═══ THE DATA
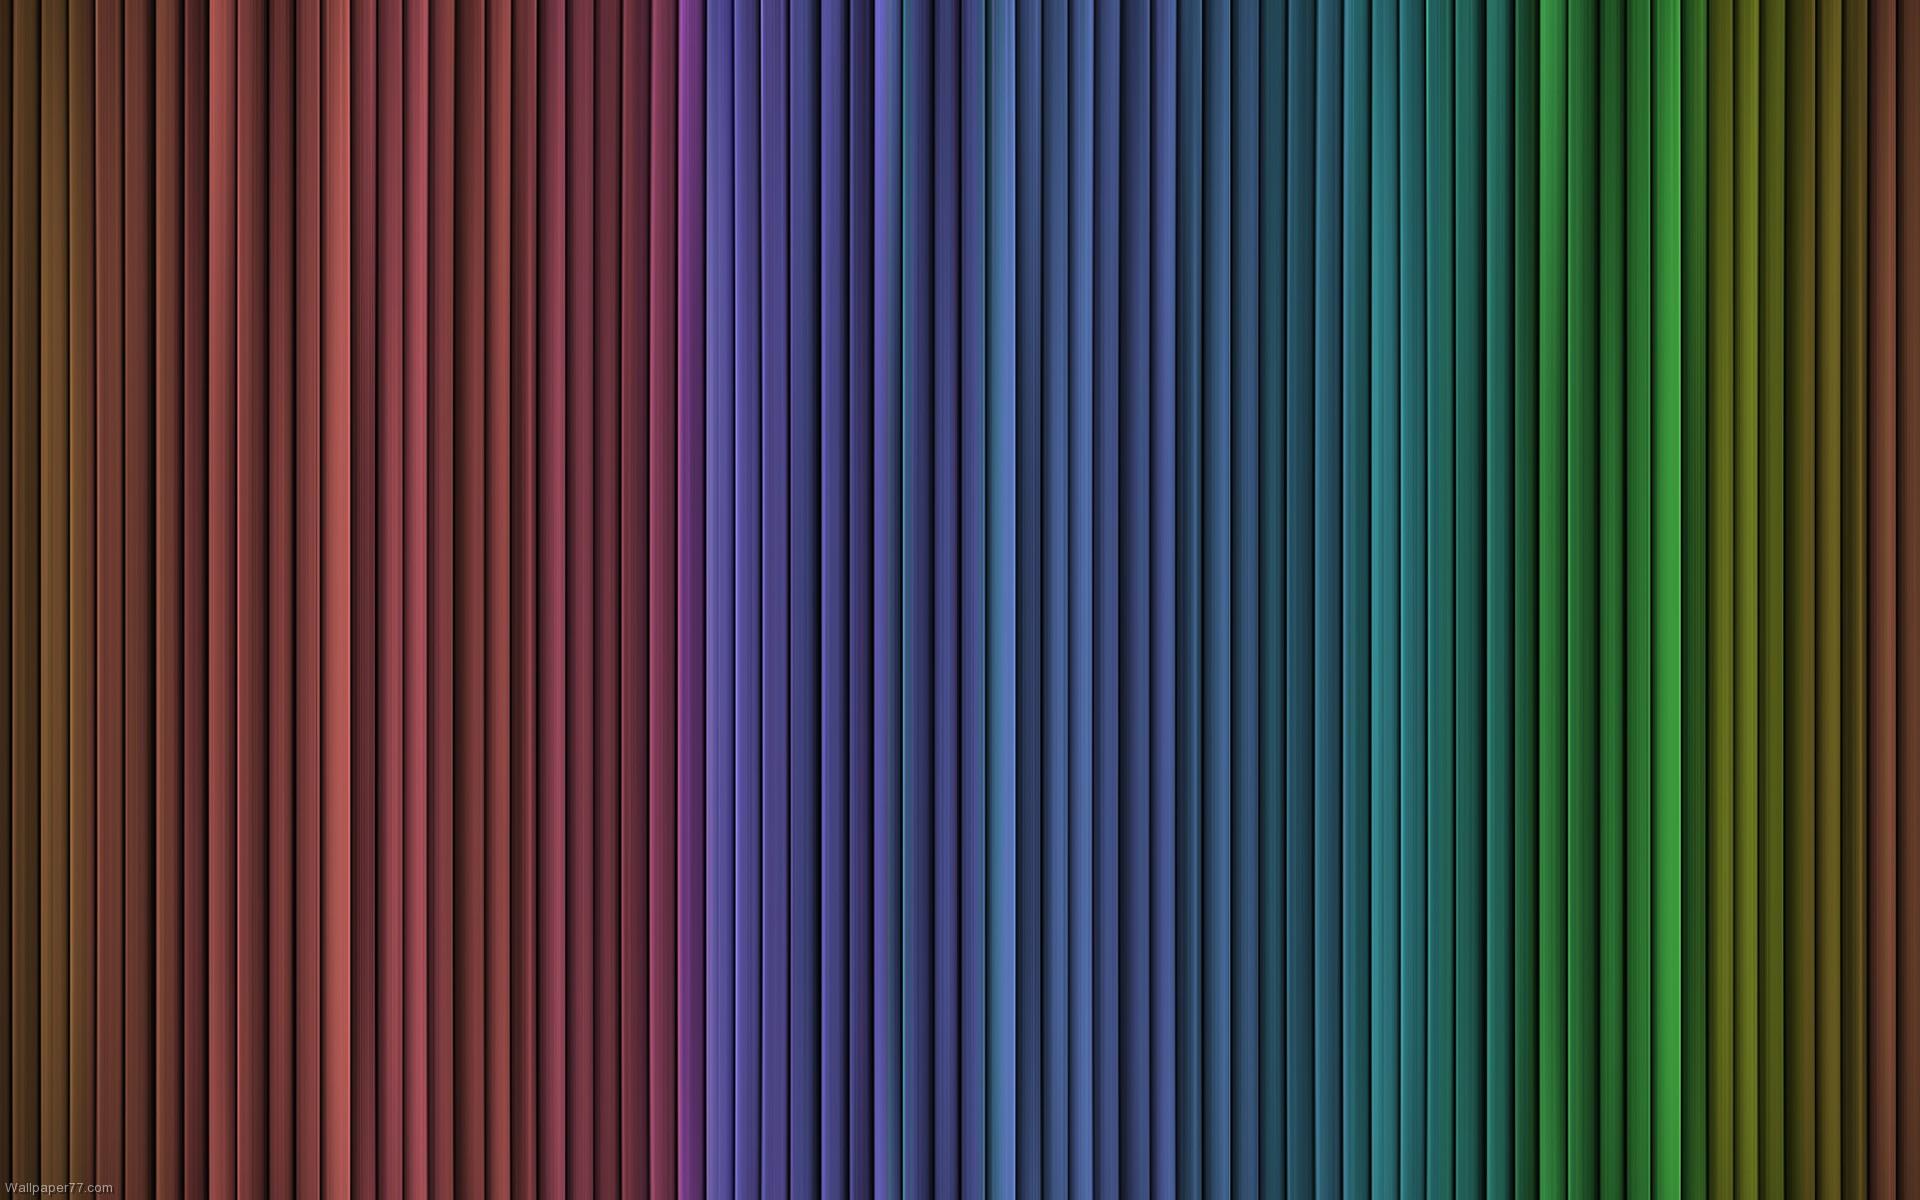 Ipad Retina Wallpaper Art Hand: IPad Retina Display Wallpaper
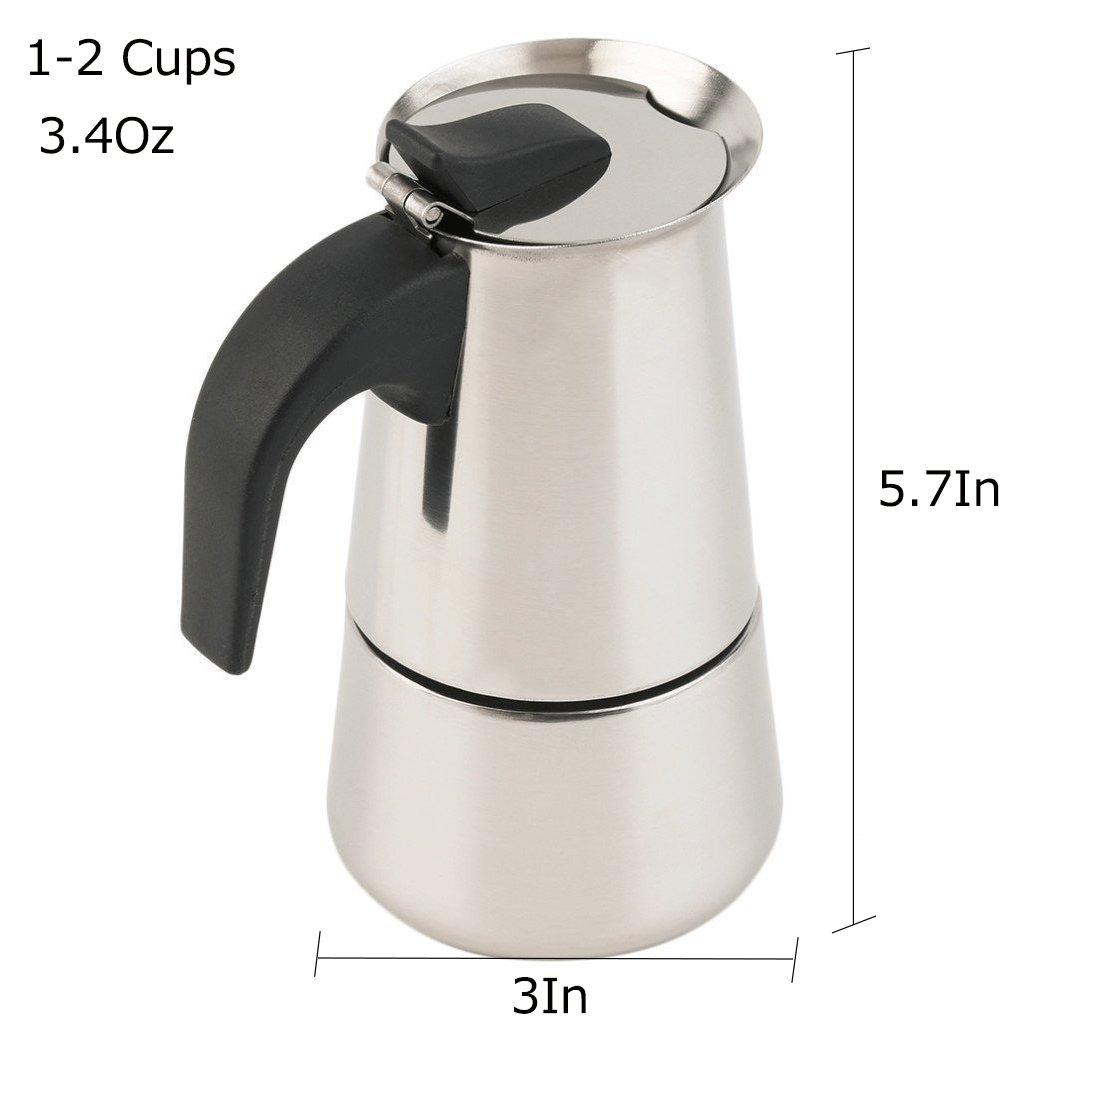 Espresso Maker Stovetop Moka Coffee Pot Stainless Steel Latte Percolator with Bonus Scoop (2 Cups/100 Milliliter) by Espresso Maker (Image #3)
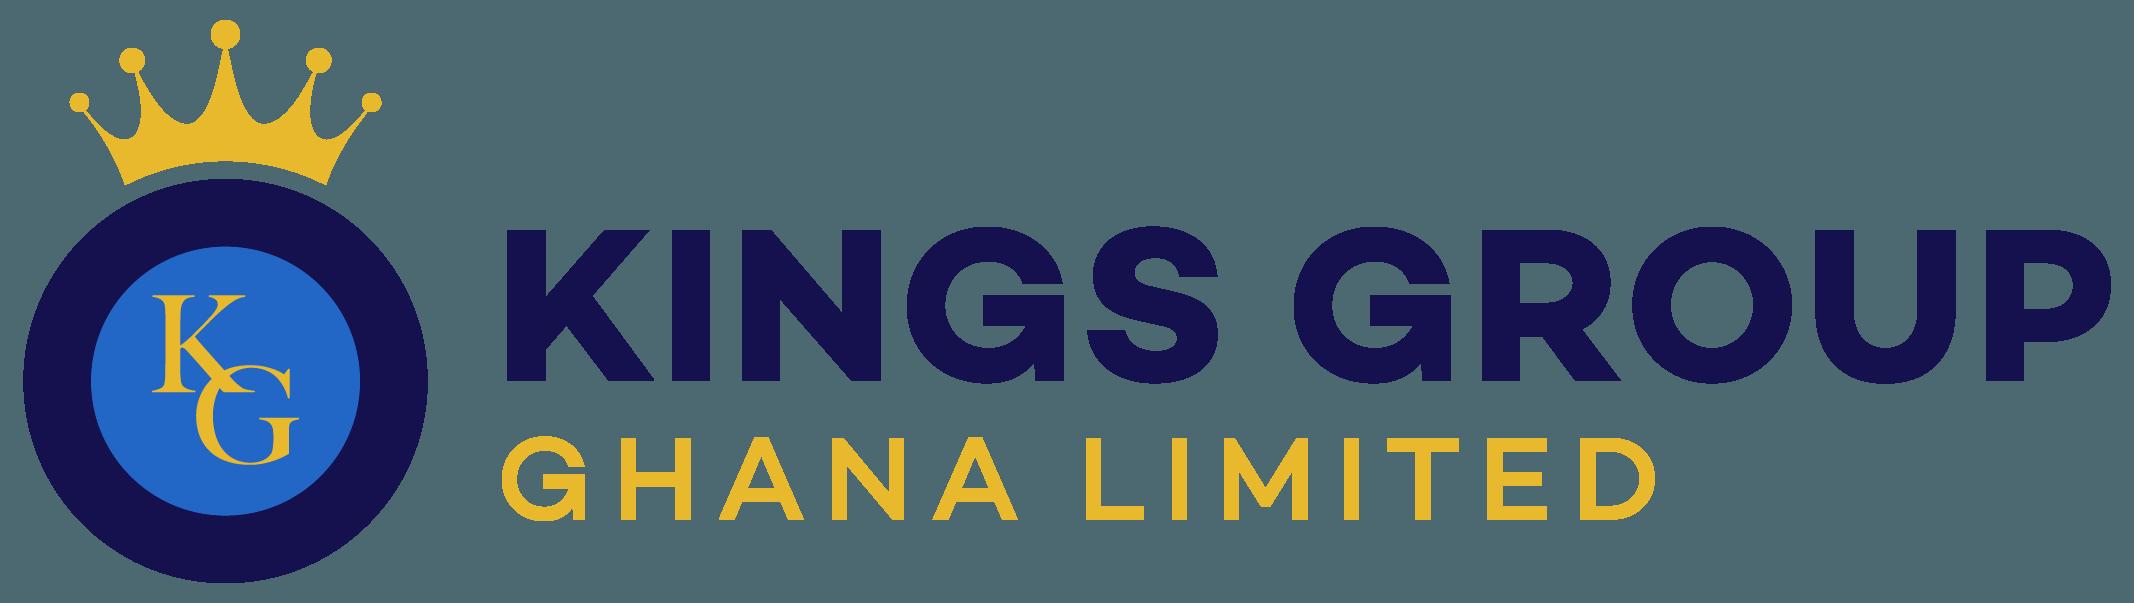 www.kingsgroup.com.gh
══════
- WHAT IS EXPECTED
Reproduce the lines above exactly, image-free.

- SOLUTION TO THIS TASK
 Ipad Retina Wallpaper Art Hand: IPad Retina Display Wallpaper
 Espresso Maker Stovetop Moka Coffee Pot Stainless Steel Latte Percolator with Bonus Scoop (2 Cups/100 Milliliter) by Espresso Maker (Image #3)
 www.kingsgroup.com.gh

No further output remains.